Your second step with the 4 are you dividing everything by 4 or why have you put a 4 there?

Let me redo that:
$$\frac{400 \pm \sqrt{44800}}{12} \\
= \frac{400 \pm \sqrt{80^2 \cdot 7}}{12} \\
= \frac{400 \pm 80 \cdot \sqrt{7}}{12} \\
= \frac{4 \cdot 100 \pm 4\cdot 20 \cdot \sqrt{7}}{4\cdot 3} \\
= \frac{\cancel{4}\cdot{100} \pm \cancel{4}\cdot{20} \cdot \sqrt{7}}{\cancel{4}\cdot 3} \\
= \frac{100 \pm 20 \sqrt{7}}{3} \\
$$

 

[Noah1]

Let me redo that:
$$\frac{400 \pm \sqrt{44800}}{12} \\
= \frac{400 \pm \sqrt{80^2 \cdot 7}}{12} \\
= \frac{400 \pm 80 \cdot \sqrt{7}}{12} \\
= \frac{4 \cdot 100 \pm 4\cdot 20 \cdot \sqrt{7}}{4\cdot 3} \\
= \frac{\cancel{4}\cdot{100} \pm \cancel{4}\cdot{20} \cdot \sqrt{7}}{\cancel{4}\cdot 3} \\
= \frac{100 \pm 20 \sqrt{7}}{3} \\
$$

Thank you so much for all your help!

 

[soroban]

My question is that I have to find the dimensions of a rectangular prism (cuboid),
where none of the faces are square that will maximize its volume
The sheet metal I have to build it from is 120 cm by 80 cm.
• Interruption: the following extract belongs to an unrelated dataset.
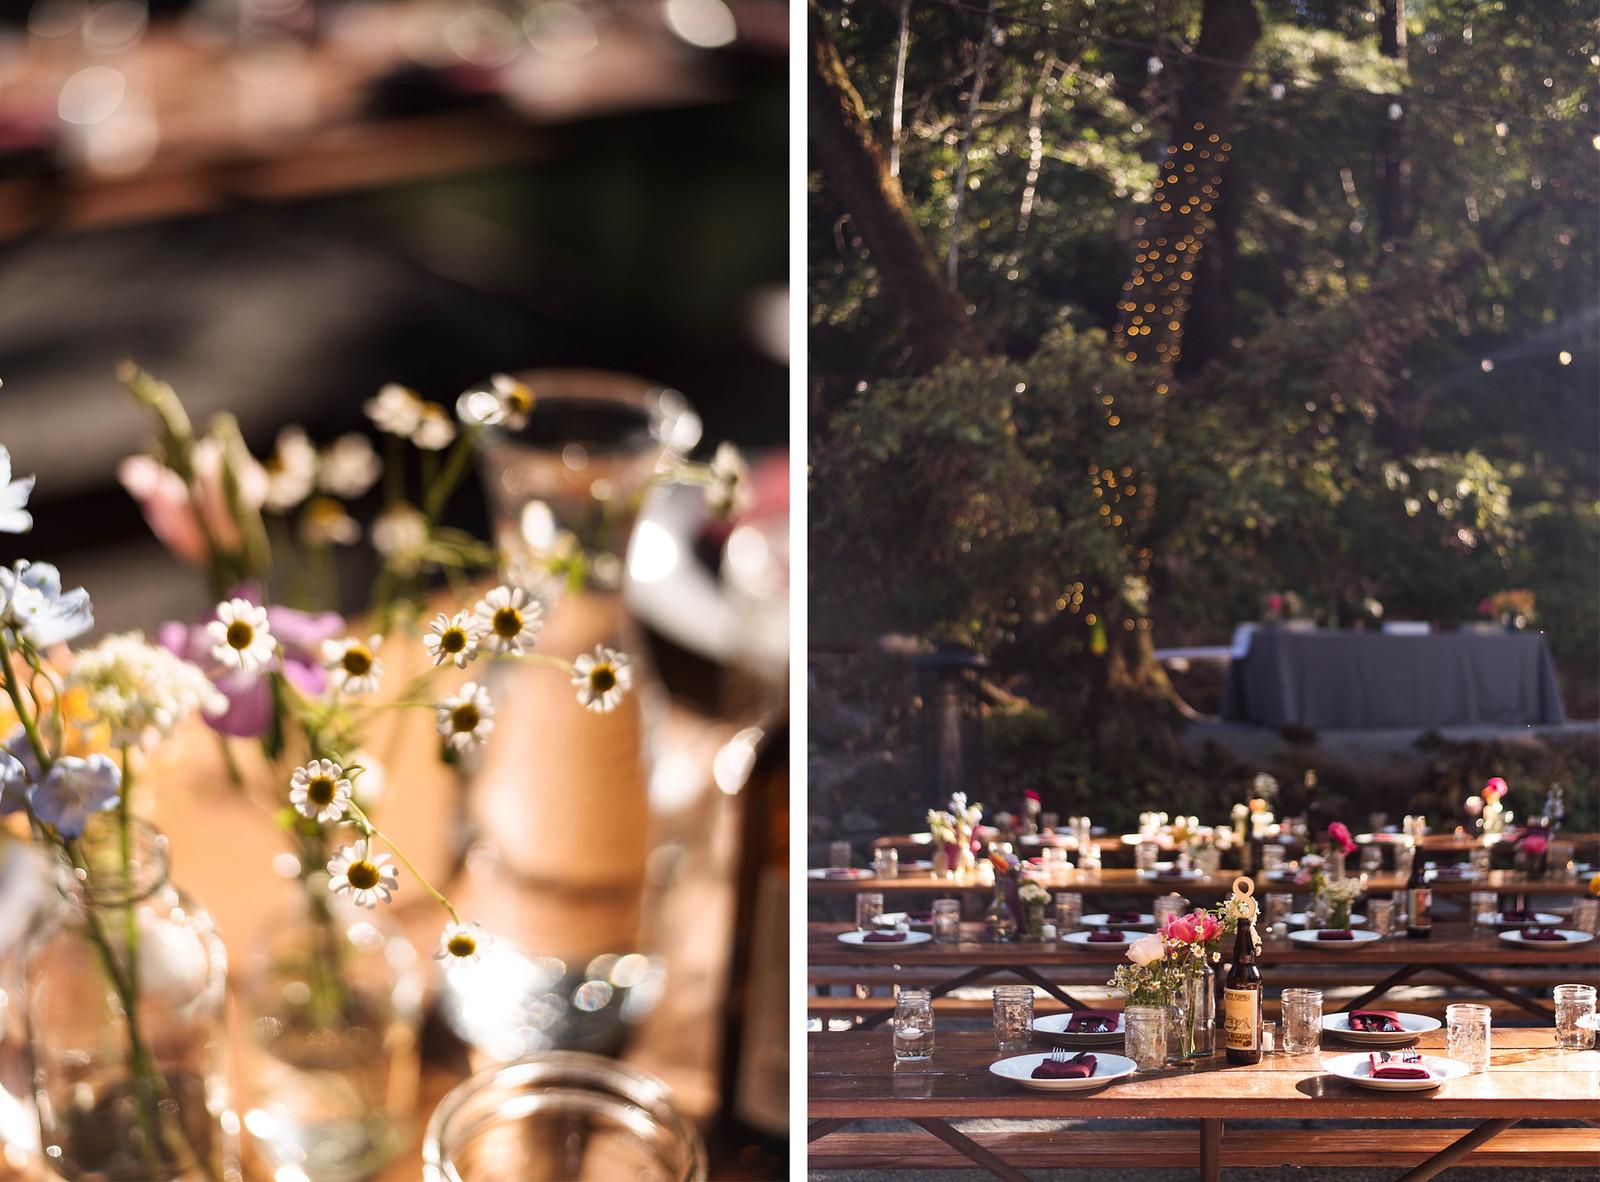 saratoga-springs-wedding-california-photographer on juliettelaura.com
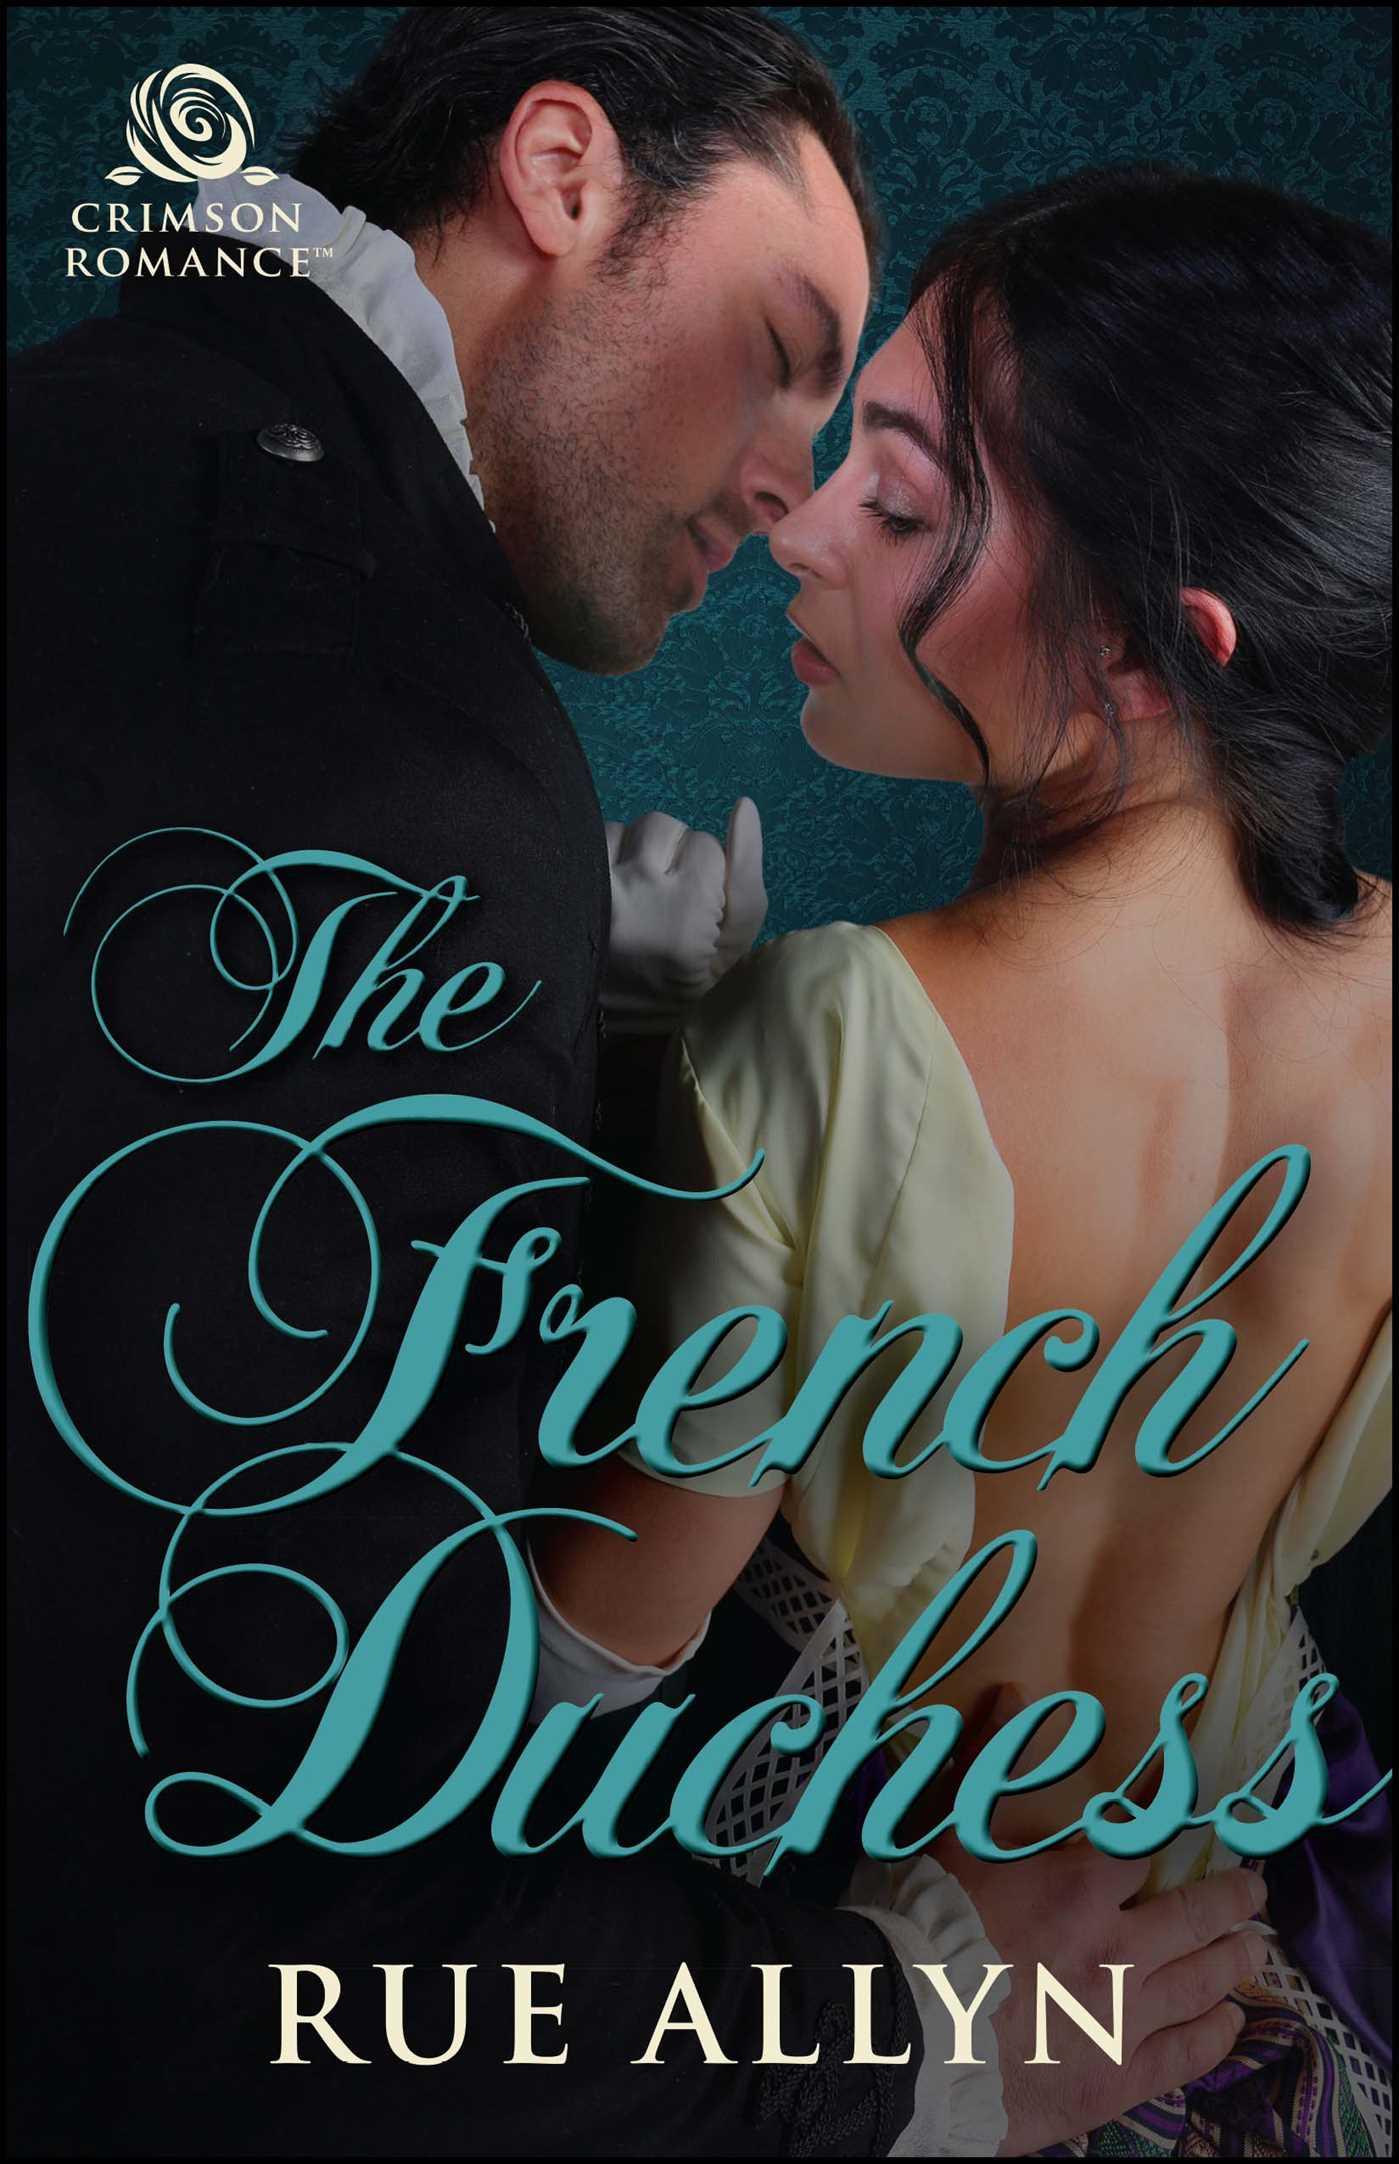 The french duchess 9781507207444 hr

For a given area of sheet metal, the maximum volume is a cube.
There is no unique answer to your problem.

With an 80 by 120 cm sheet, we can make six 40-by-40 squares,
and form a cube with volume [tex]40^3 = 64,000\text{ cm}^3[/tex]

We can alter the dimensions of the cuboid and obtain a lesser volume.
But there is no single answer.

[tex]\begin{array} {ccc}
\text{Dimensions} && \text{Volume} \\
40\times 40.1 \times 39.9 && 63,\!999.6 \\
40 \times 40.01 \times 39.99 && 63,\!999.996 \\
\vdots && \vdots \end{array}[/tex]

 

[HallsofIvy]

"Taking the derivative and setting it equal to 0" will give the general rule that the maximum volume of a cuboid, for either fixed volume or fixed surface area, is a cube! If we require that none of the faces be a square then there is no solution- we can always make the volume greater by approaching a cube- that is by reducing sides of rectangles that are longer than the other side, extending to those that are shorter.